- [What the exercise asks] What's needed is an exact copy of the lines from the one that contains "Antique Mahal wool" to the end of the data below, leaving the pictures out.

- [Collected material]
+---+

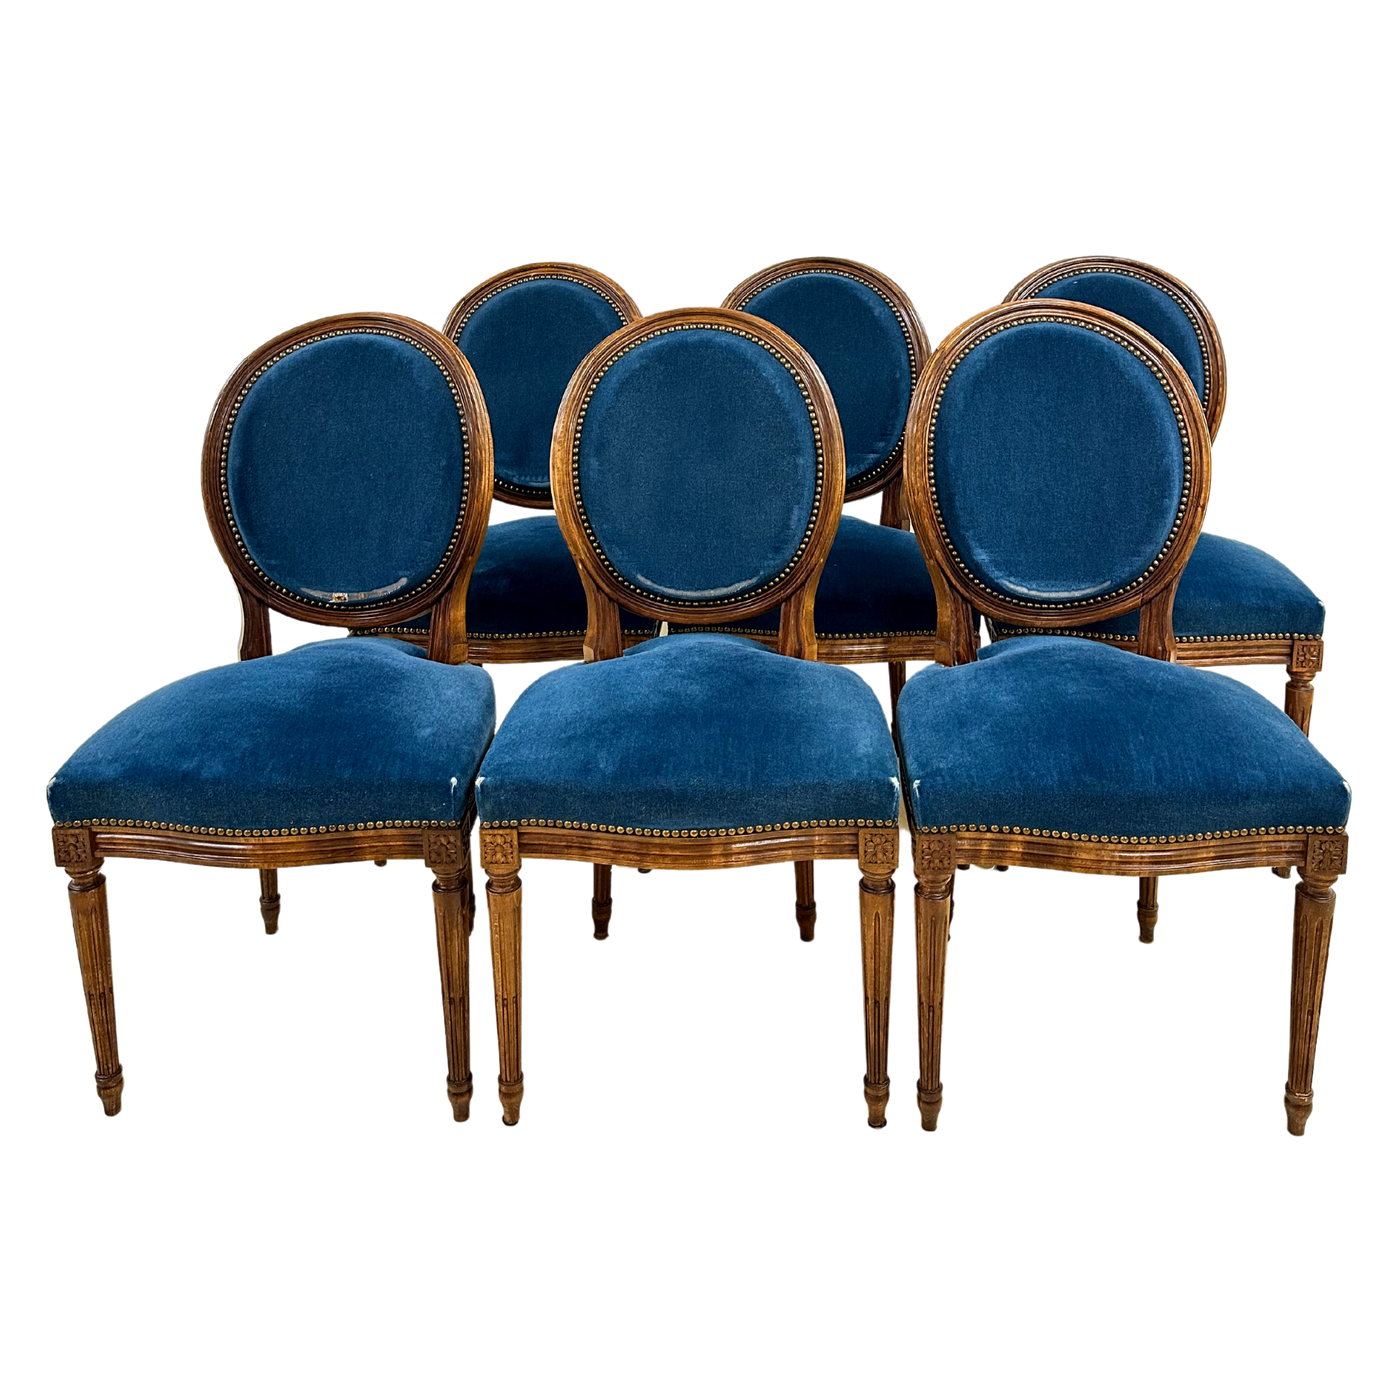 Early 20th c. Louis XVI Style Chairs, Set of 6
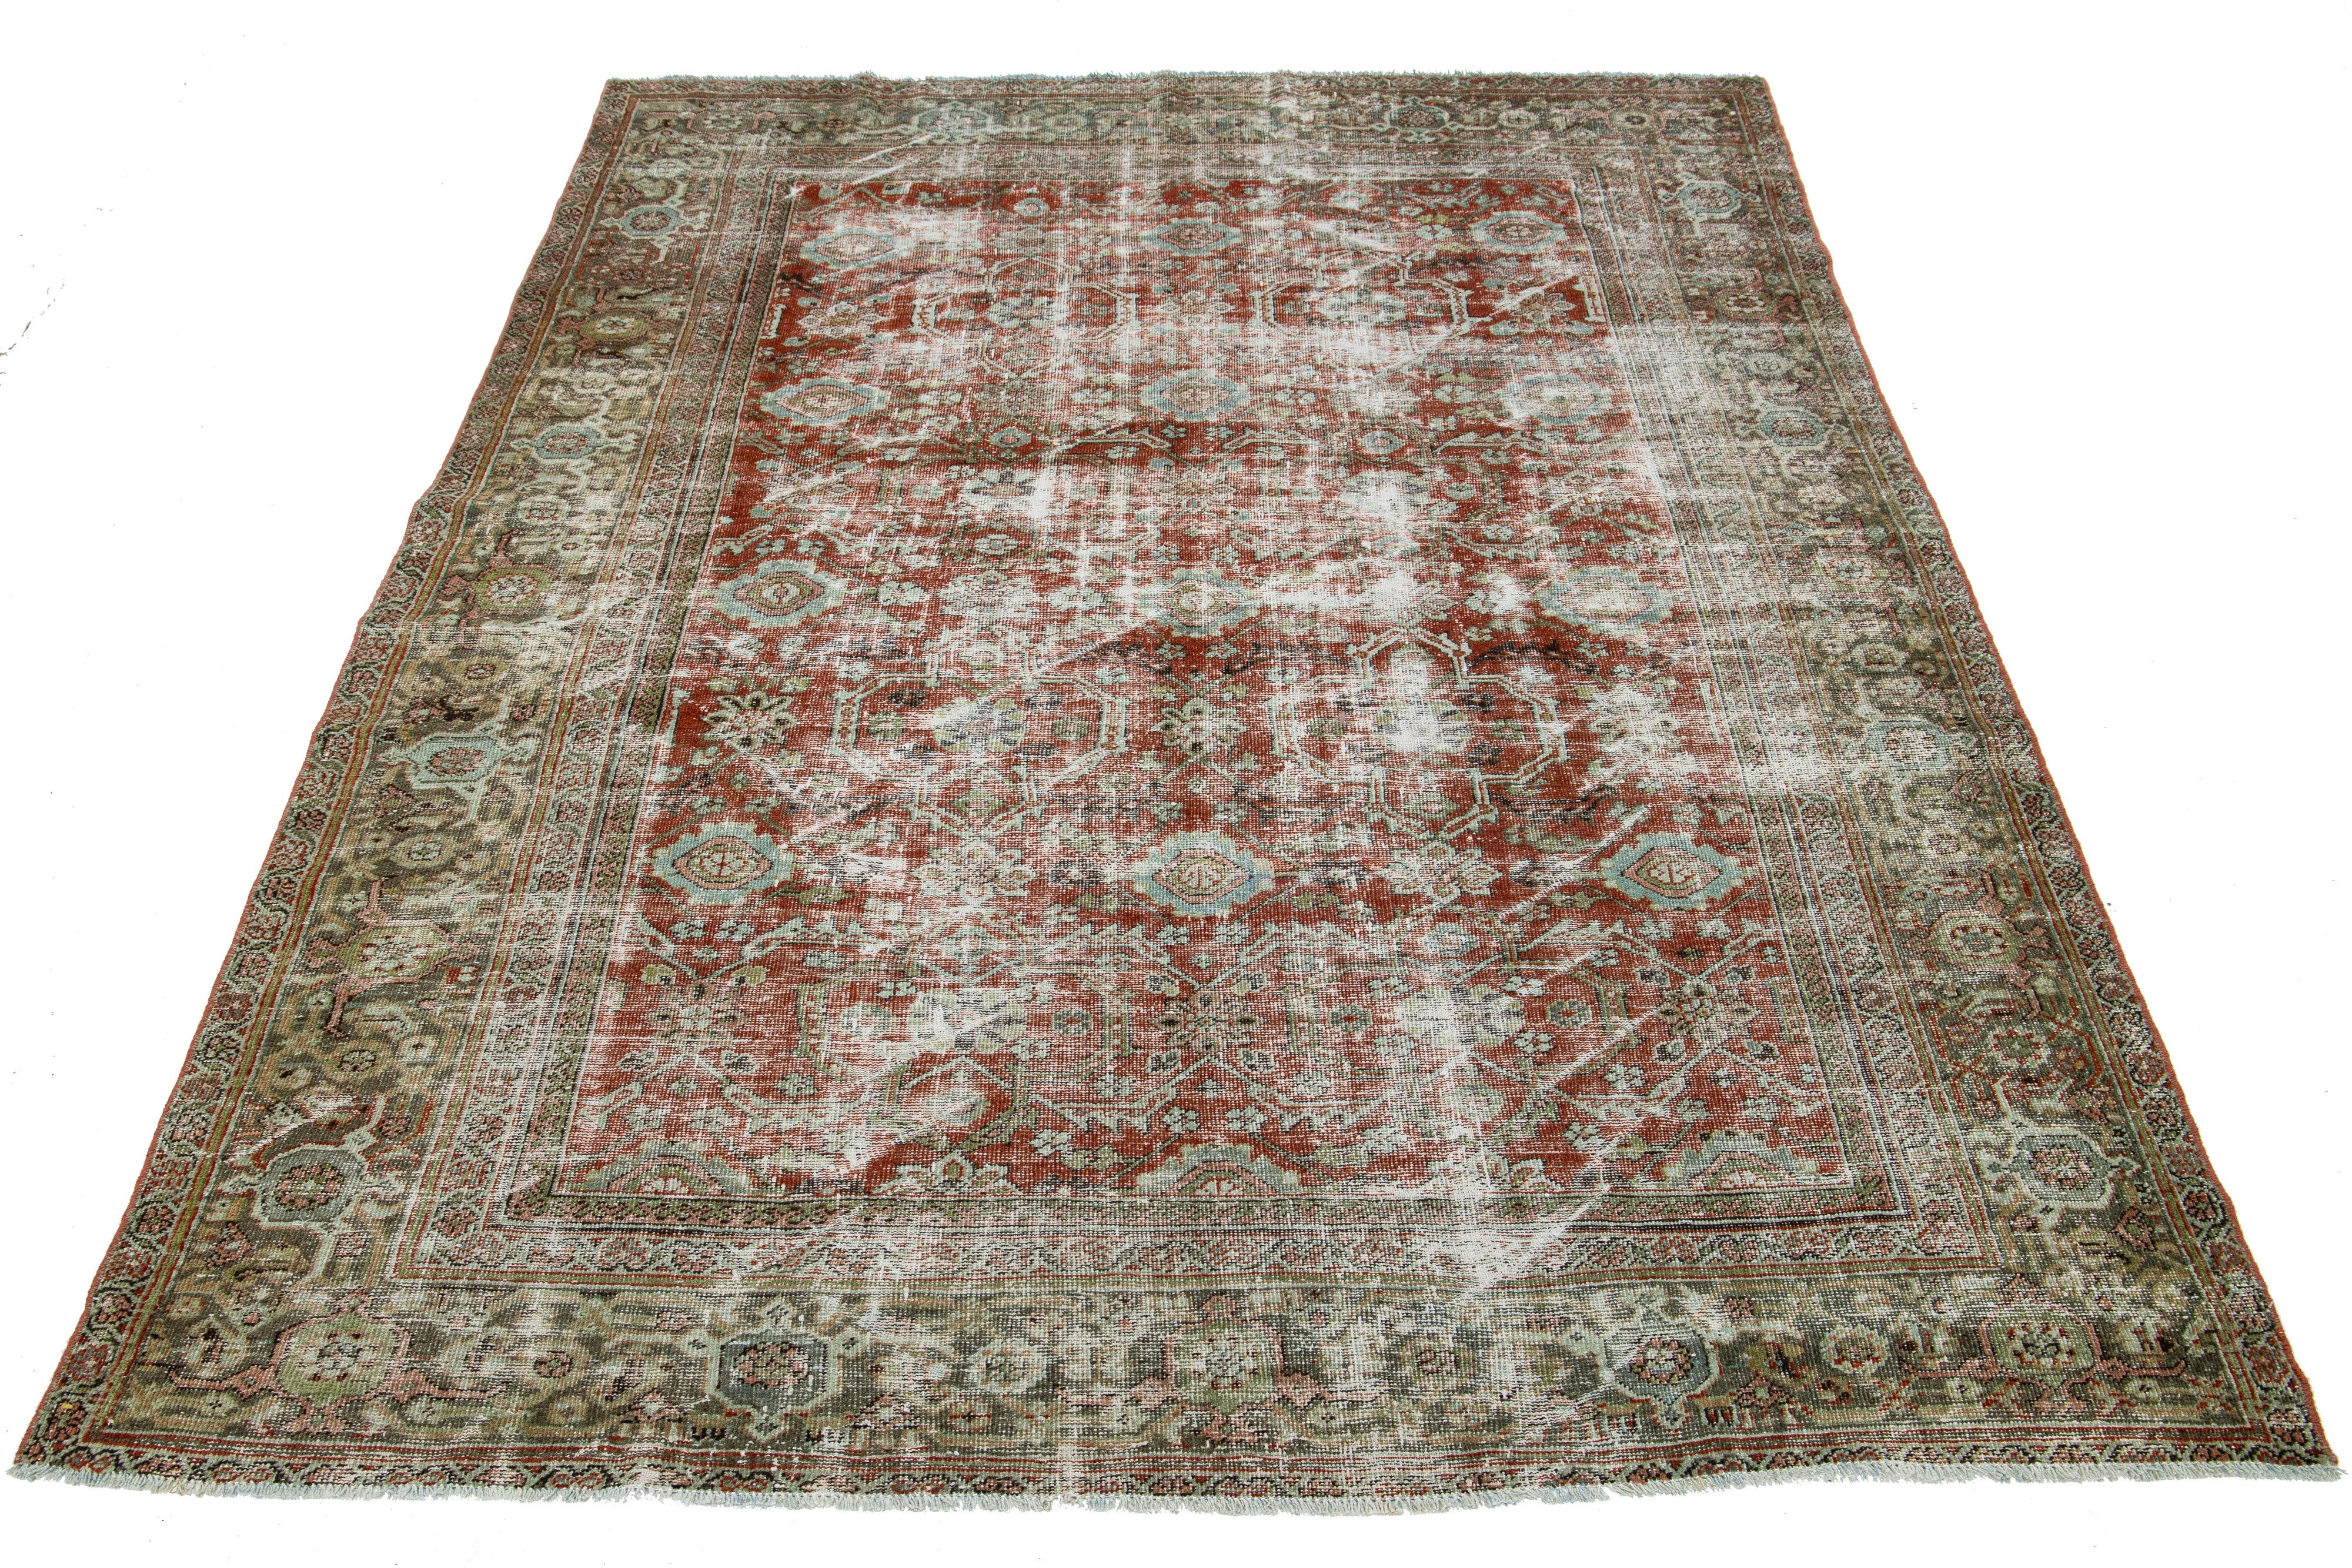 Antique Mahal wool rug with rust field. Floral motif in blue, pink, and green hues.

This rug measures 6'9

+---+

- [Solution for this exercise]
 Antique Mahal wool rug with rust field. Floral motif in blue, pink, and green hues.

This rug measures 6'9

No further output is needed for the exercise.